ULA should be able to build the NGLS so that is cost competitive to expendable F9 and FH especially for the high value DOD payloads. There is no show stopping technology that is stopping ULA from doing this just good engineering and business sense. With a LH upper stage it will also be more capable for BLEO missions.
Currently a F9E is worth $63m this is cost of LV (eg $33m), launch costs(eg $10m) and profit ($20m), 1st stage is 3/4 of LV so $25m.
Recovery and refurbishment/ testing assume $5m + 10% depreciation ($2.5m). We have now saved $17.5m per core for a revovered launch all going well.

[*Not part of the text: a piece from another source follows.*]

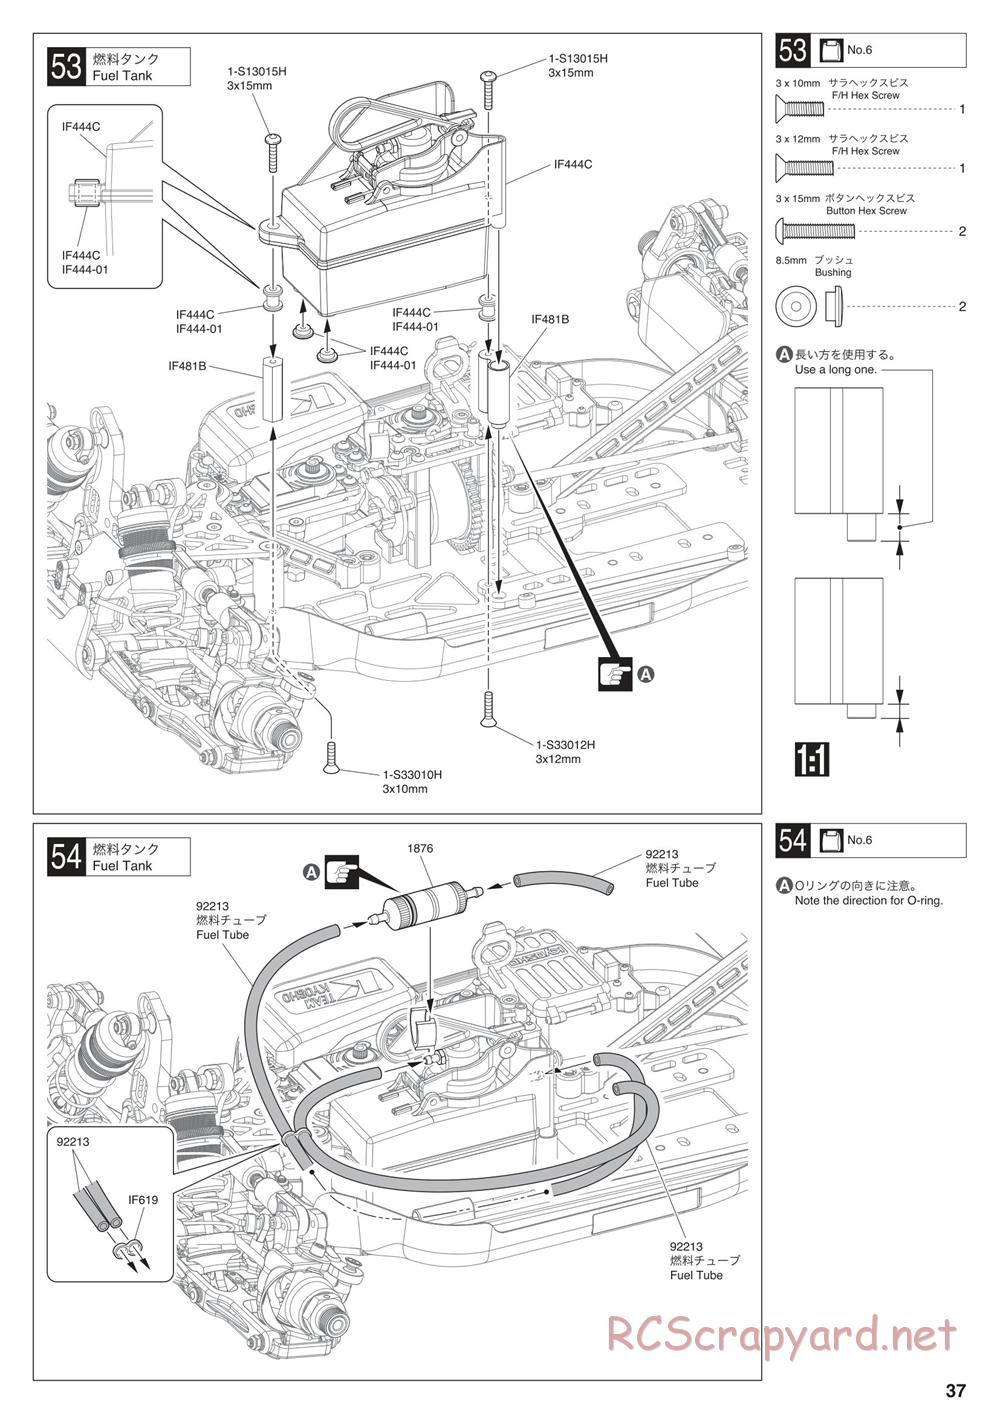 Kyosho - Inferno MP10 - Manual - Page 37

A DOD mission well have a $30m+ mission assurance cost added to it plus may be a few more for Vertical payload loading so we can assume $100m for DOD launch. SpaceX maybe saving $17.5m a core per launch but they will not be passing all that onto customer especially as they have to carry risk of not recovering a core, assume a $9m discount. A F9R now costs $91m compared to $100m for ULA NGLS for DOD mission for payloads up to 4t GTO. For payloads over 4t GTO SpaceX have to use F9E for $100m or offer a FHR, but now we are talking about recovering 3 cores so add another $20m for the 2 extra recovered cores ie $110m.
Going off Dmitry simulation a NGLS can do 8.85mt to GTO (without SRBs ??) see "ULA new Launch Vehicle" thread.
Even at $90m NGLS is competitive with FHR for GTO payloads up to 7t. Beyond 7t FH needs to expend the middle core making the NGLS cheaper even if it has to use SRBs.
In regards to Tory talking about 20 launches per year, currently they are doing 14 with DOD and NASA. They will definitely lose a few DOD and some NASA missions to SpaceX but I expect them to keep the lions share especially at competitive prices. They will pick up extra flights from CST-100 plus a commercial satellites. At present ULA has reliability record as good as Ariane if not better so picking up commercial satellite missions shouldn't be a problem if they are cheaper than Ariane 5 or 6.